What I need to know is: why am I still here? Death is an ever present shadow, but he won’t tell me anything. I don’t even know if he can speak. He just spends a lot of the time sharpening his scythe with his skeletal fingers and looking ominous.
Oh and no one sees me. Not even this priest who looks like he stepped out of the twenty first century Exorcist. I even went to a witch doctor, but nothing. He just shrieked like a little girl and ran out of his shrine when he saw a little flame that I managed to create. I mean this guy is supposed to be talking to the spirits, isn’t he? I can’t even get that other kid to see me.
I haven’t seen my loved ones, not even that old nun. I am not moving on. I am not seeing the said white light. I really am at the end of my rope here. Is this the after-life then? Because it sucks. Watching my poor mother hurl herself at the coffin as it was lowered in the ground was not fun. Watching people that I barely knew get all emotional about me was even more annoying.
“Di was an awesome friend, she will be missed. RIP… [sad emoticon] ” are the posts they are writing now on their Social Networks. And even the ones that were my friends, watching them forget me and move on is strikingly more hurting. Watching the ones I could not stand pretend that they are broken about my passing: Now that’s just outright brutal. There was this empty sense of justice when Richard was arrested but I knew it wouldn’t stick. His wife, the pastor, would not let that happen to him and by extension, her. She is in the public eye and all that.

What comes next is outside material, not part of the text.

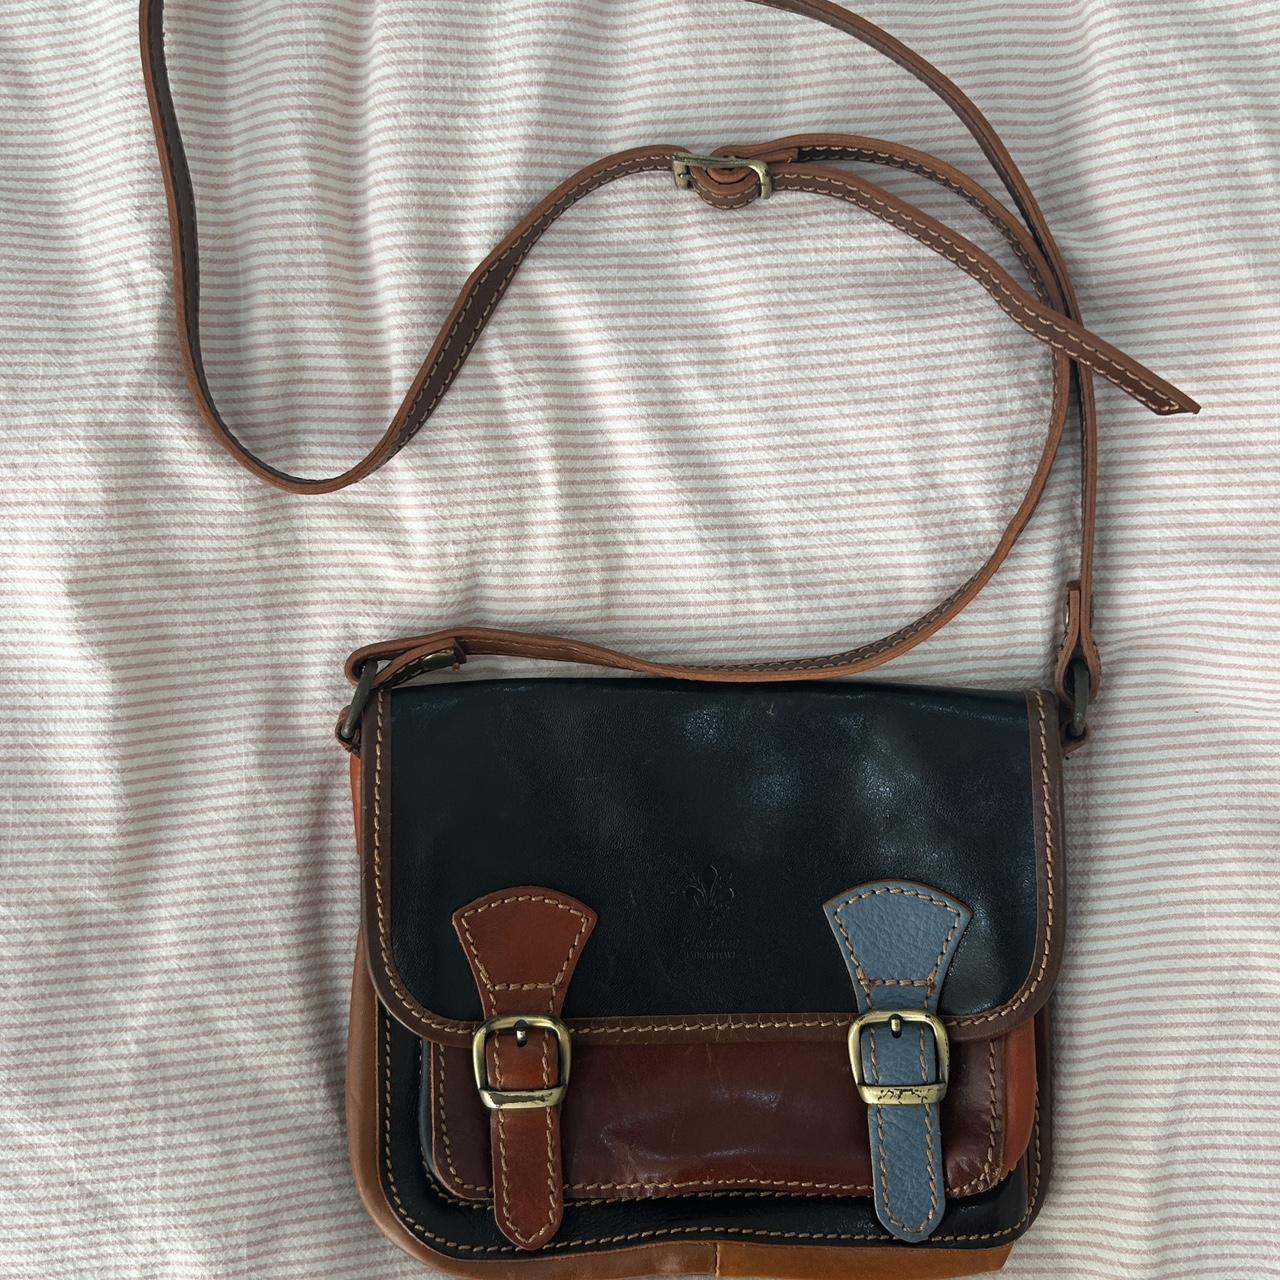 Genuine leather made in Italy bag. Purchased in... - Depop

(SIGH) So, just checking with You: was I ever in Your books? Do I exist in Your mind? Am I an after-thought? What in the world am I still here for? Did you forget that I was supposed to be coming home? Why is Death so ominous? Oh and why is he my shadow?
I don’t know how you do the things you do. I don’t know if You, like, Houdini the people that You love. I don’t know if You just raise Your wand and abracadabra something for those that You choose, because I need some answers here. Please help me.